Sigh. The abortion debate bores me. Reasons:
1) It seems to me that, unlike many moral arguments, the debate isn't really about the Premises of the argument, but about how the argument is constructed. That is, you and I may agree on the same base assumptions but have widely divergent end thoughts.
2) People are so damn sure that they're right.
3) The only "good" arguments against abortion have to reference religion. I've argued before
that religion isn't a valid basis for social law. (Of course, better men and women than I have made that point in a much more coherent way than I did.)
Clearly, I am pro-choice. The reason for this is so utterly simple that it's going to take me a whole blog post to explain it. Ready? Here goes:
I don't give a flying widget about biological life.
For sure, my misanthropism plays a role here. Oh, and the fact I don't like children. But that's not what I mean. Following in the footsteps of James Rachels
, I believe that "life" should be split into two components-- "biological" and "biographical." From Created From Animals: the Moral Implications of Darwinism
Why, exactly, is the loss of life harmful? To understand, we need to distinguish two notions that are often conflated: we need to separate being alive from having a life [original emphasis]. The former is a notion of biology: to be alive is to be a functioning biological organism; it is the opposite of being dead, or of being the kind of thing that is neither alive nor dead, such as a rock. The latter is a notion not of biology but of biography. Consider, for example, the life of John Dalton Hooker. Hooker was born in 1817, the son of a distinguished botanist. After completing his medical studies, he sailed to Antarctica on HMS Erebus. He was introduced to Darwin in 1839 and became his close friend. The first of his two wives was Frances Henslow, the professor’s daughter. For twenty years he was director of the Royal Botanic Gardens, having succeeded his own father in that post. For his work as a naturalist he was awarded the Royal Medal of the Royal Society, the Copley Medal, and the 1892 the Darwin Medal. He was a pallbearer at Darwin’s funeral, and finally retired to Berkshire where he died in 1911. These are some of the facts of Hooker’s life. They are not biological facts, although some of them might involve biology. Primarily they are facts about his history, character, actions, interests, and relationships.
Once this distinction is made clear, we can see that there is a deep ambiguity in the notion of the value of life. Which is important too us—life in the biological sense, or life in the biographical sense. Plainly, the latter seems more important. Our lives are the sum of all we hold dear: our projects, our activities, our loves and friendships, and all the rest. Being alive, by contrast, is valuable to us only in so far as it enables us to carry on our lives. [my emphasis]
It seems to me--and perhaps I'm wrong here--but fetuses don't have biographical life. Thus, "killing" it (ending its biological life) has no moral weight.
"BUT!"--you might say--"some could argue that infants don't have biographical life, so should we be allowed to kill them too?!"
"A valid point," I would respond, "but--"
But here's the rub: we just don't know when biographical life begins. Especially if we admit--and we most definitely should admit--that it varies by the person. So it seems that we have two options:
1) Create some arbitrary standard for the start of biographical life. (IE, first trimester, second trimester, four years old, legal adulthood, etc.)
2) Look at the obvious "big changes" in the development at life--that is, conception and birth.
I don't know about you, but I don't like option one. It's just too, well, arbitrary.
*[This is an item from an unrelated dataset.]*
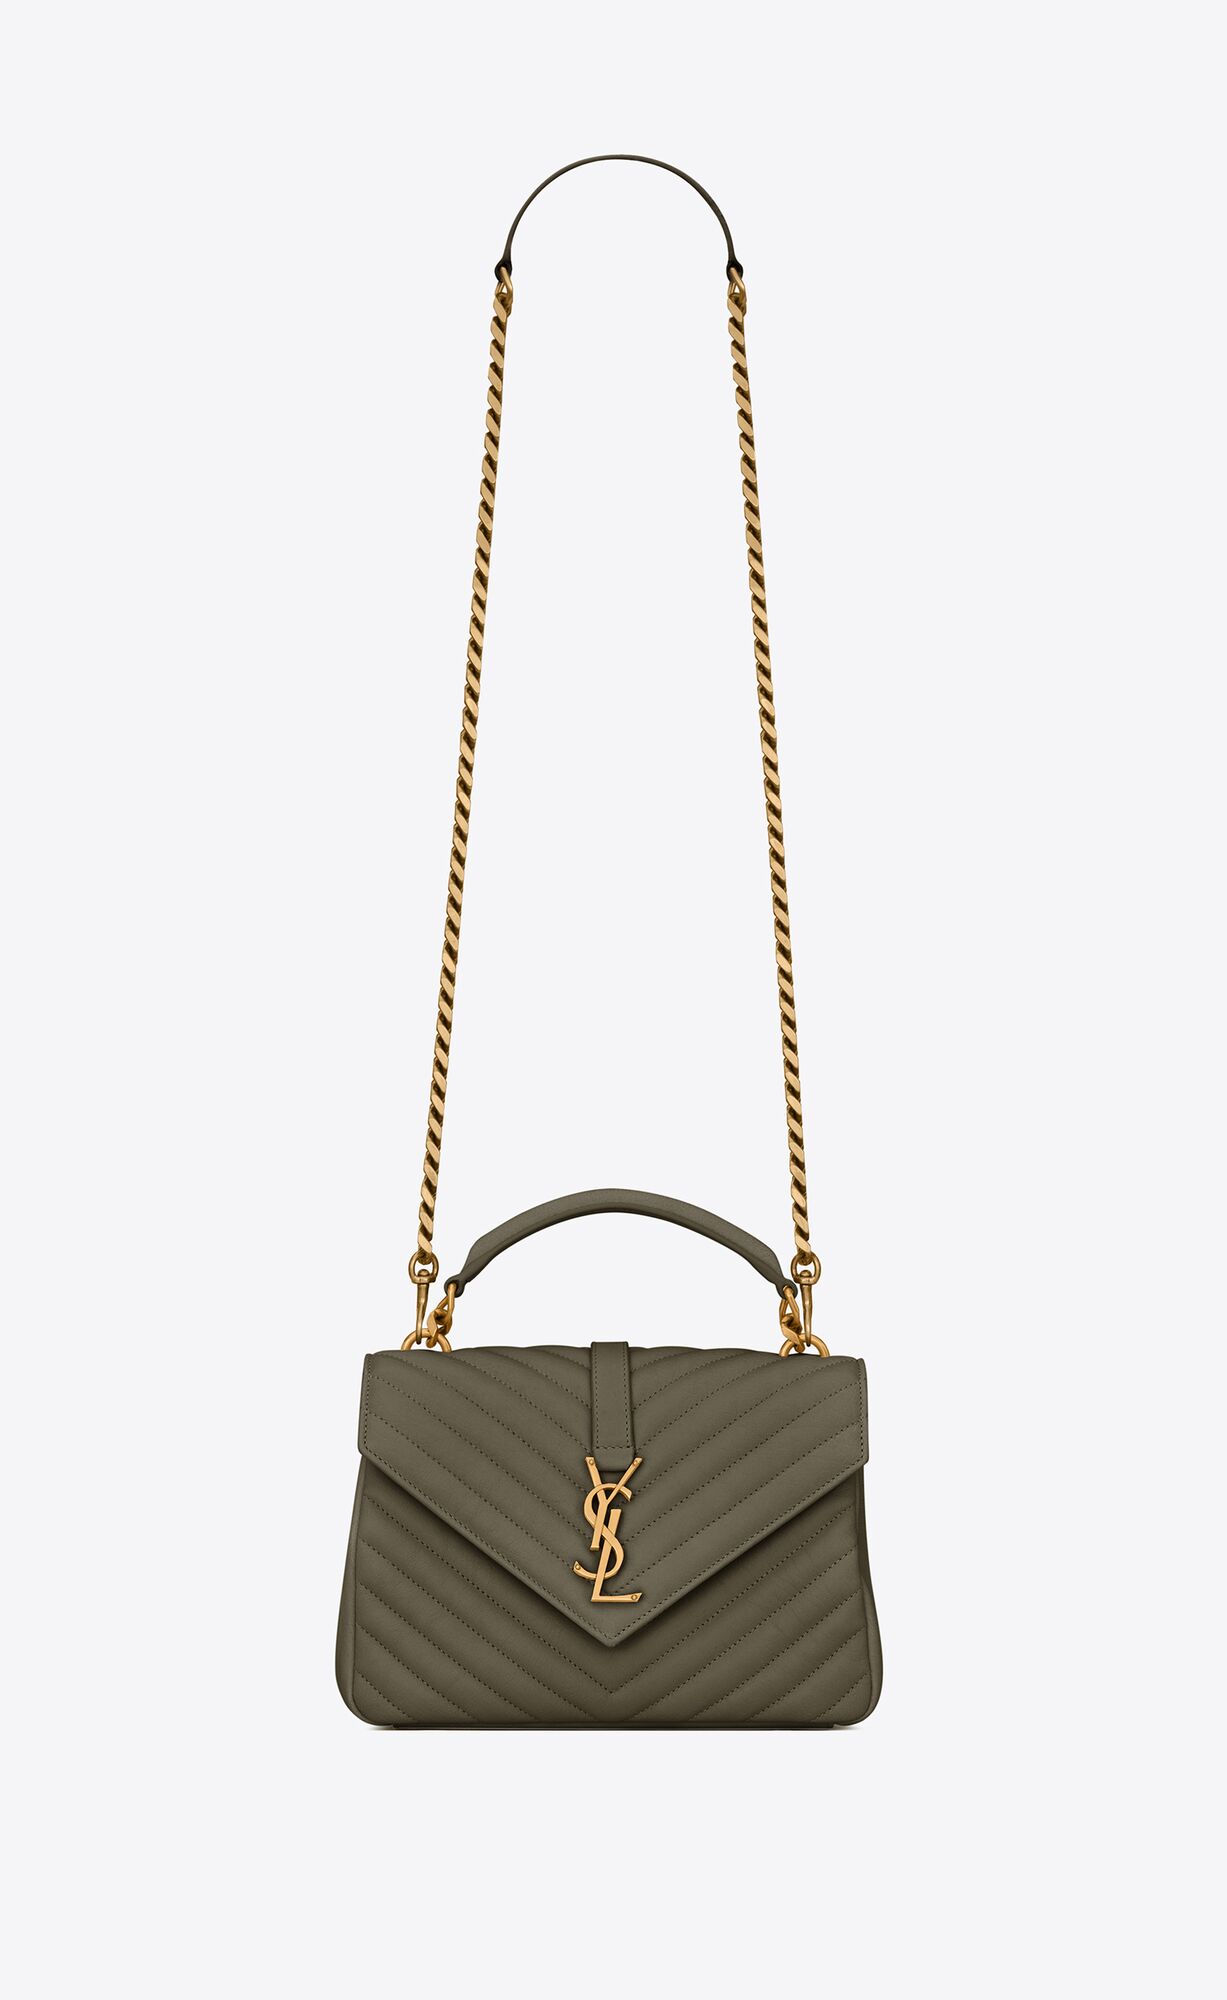 Saint Laurent College Medium Chain Bag In Quilted Leather – Grey Khaki – 600279BRM071229

So, I go with #2.
Maybe it's just me, but I have a hard time thinking of a mass of undifferentiated cells, or a just-fertilized egg, as a biographical entity. Maybe you don't, and that's okay. I can respect that. Personally, I think it devalues our own, legit, biography.
So, it seems to me, birth is the most obvious place to draw the distinction.
Now, before you fire off that angry comment, let me just say that I realize that there are tons of assumptions and leaps of logic here. Aye, that's the nature of the abortion debate beast. Like I said, no easy answers and everyone's so damn sure they're right. I don't expect this line of argument to convince anyone, but I offer it up as another thought to think. Although I do believe that the biological/biographical distinction is a good one that we as a society should adopt, I realize that you're mileage may vary.